To set the scene, our University wants to build a laboratory where we can test batteries and electronic devices with our equipment. Just to list a few of them we have: 
- Climate chamber
- cRIO-9039 for data acquisition and safety control
- Electronic load
- Multiple power supplies
- Multimeters
- Oscilloscope
- LCR meter
- EIS measurement instrument
and so on.... 

All of these devices can be interfaced through LabVIEW, and I am certain that this list will increase in the future. 
The main concept:
- We have a sotfware, where we can create the test sequence, step by step (i.e.: Configure powersupply, delay(ms), enable ps. output, delay(ms), disable output ). The output would be a recipe file, which include each step, and its parameters.
- The main software, where you can import the test sequence, and execute it. The sequences can include multiple measurement instruments. The data logging is continuous.  If there is an emergency, the measurement is aborted. 
   The imported sequence file would be executed step by step in a case structure (or if there is any other possibility). 

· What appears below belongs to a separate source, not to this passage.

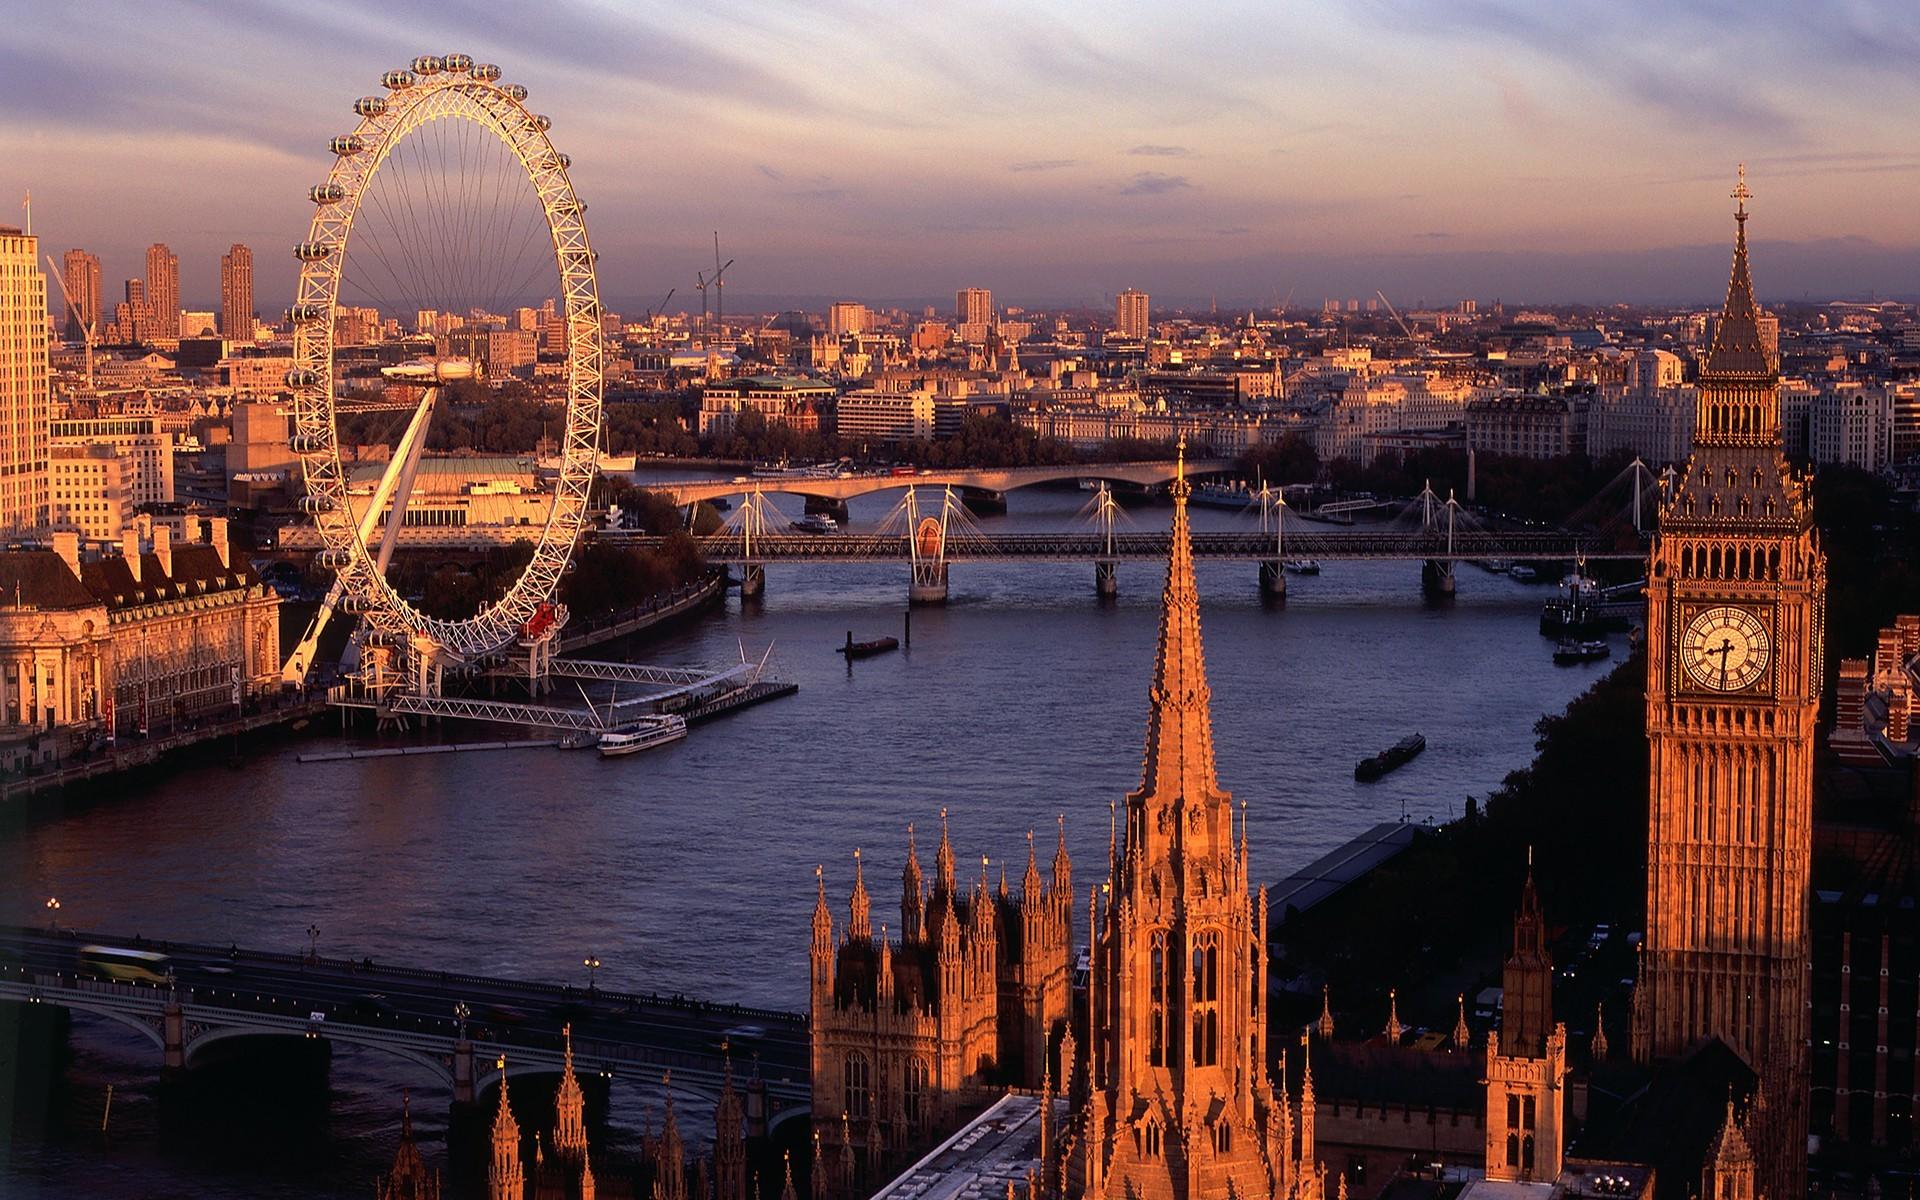 ещё советские фотографии лондона в хорошем качестве это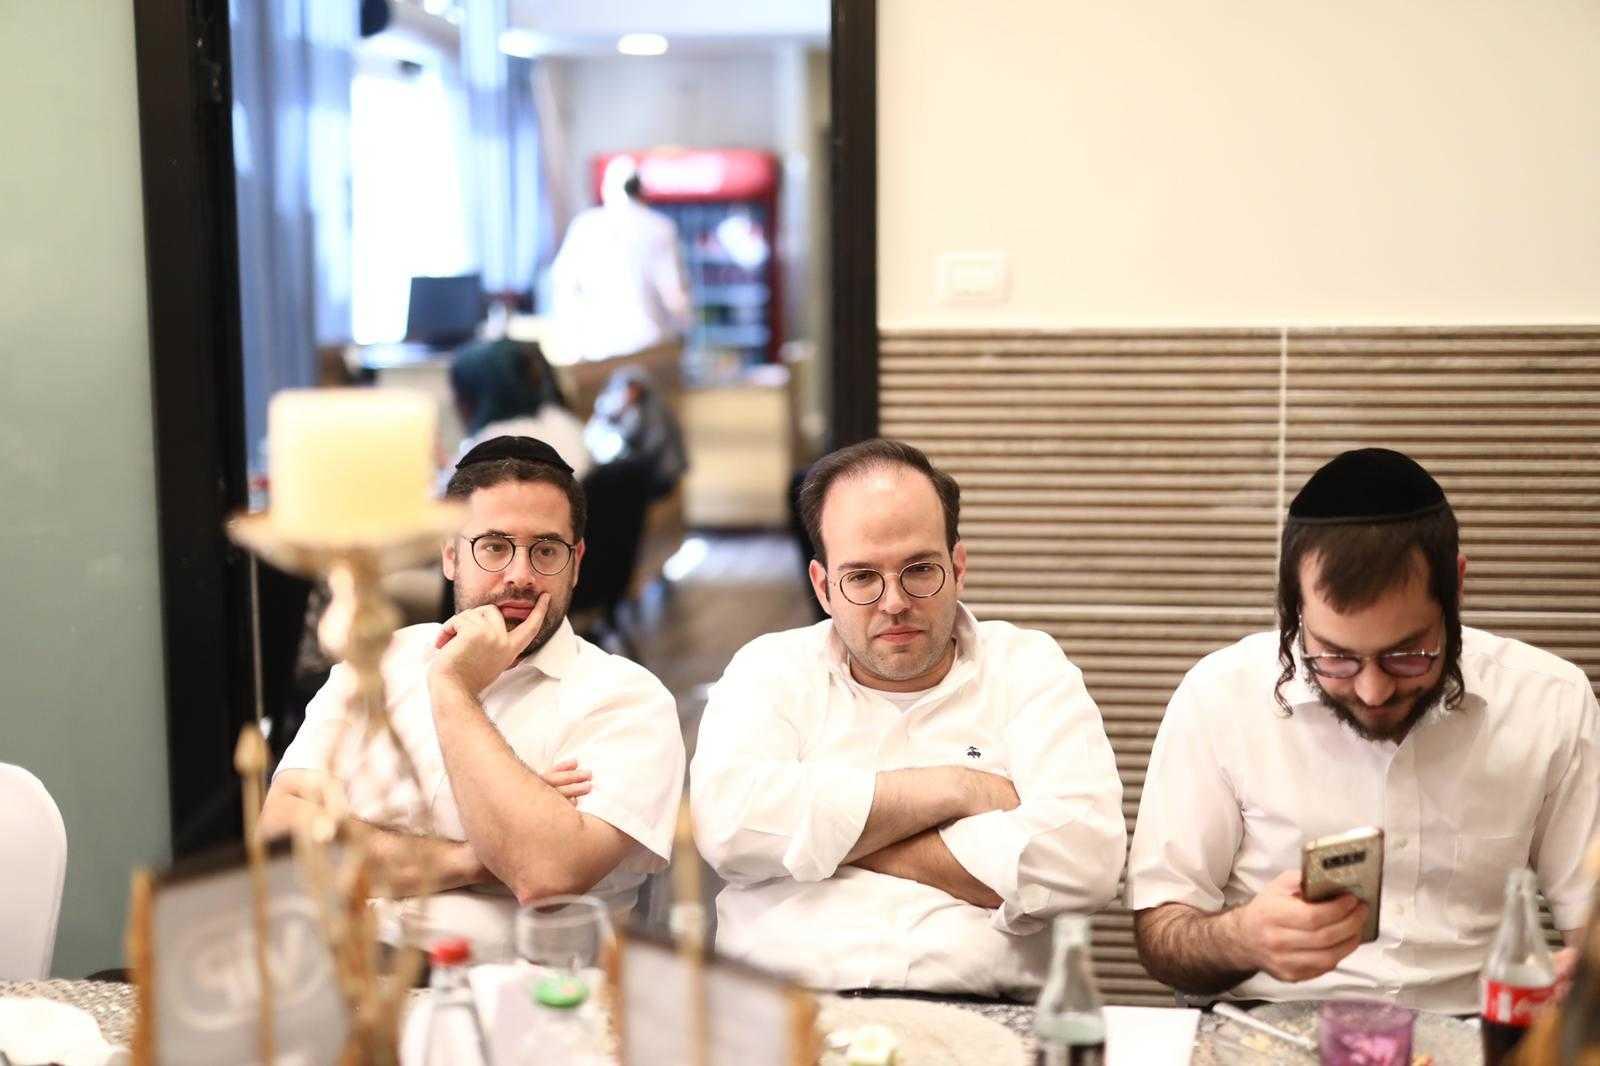 סיקור מצולם: עיתונאים חרדים באירוע השקה לחדר VIP במסעדה היהודית 4

My question is: What kinf of architecture would be suitable for the main software? I have already developed larger applications using QMH, but I have experienced its limitations. Im also looking at OOP concpets, but I have no experience with i so far. 
I know that TestStand is similar to our needs, but currently we dont have a budget to purchase it.

Thank you for your help

Posted

First, I'm in the same boat as you are, and here are few of my insights:
You are trying to create a test sequencer - There are off the shelf products that do that (Teststand is NI's solution - $$$). For architecture, anything from the basic QMH to a full blown actor framework with asynchronous actors can be used - in my case, I have used QMH with few extra threads for safety, logging and report generation.

OOP is a way for the designers to think about software modules and abstraction. Do you need such things? Are you planning on supporting multiple models of PSU, loads and other test instruments? If so, OOP provides a convenient way to create those abstraction layers. If you decide on using classes, you should avoid using PPL, they break each other in weird and wonderful ways.

For data logging, I suggest both a central parametric database and local Excel or Calc reports. 

Test templates and deployment: You should consider creating a standardized test template project, along with build specifications, so your operators will use an executable and not the full LV IDE.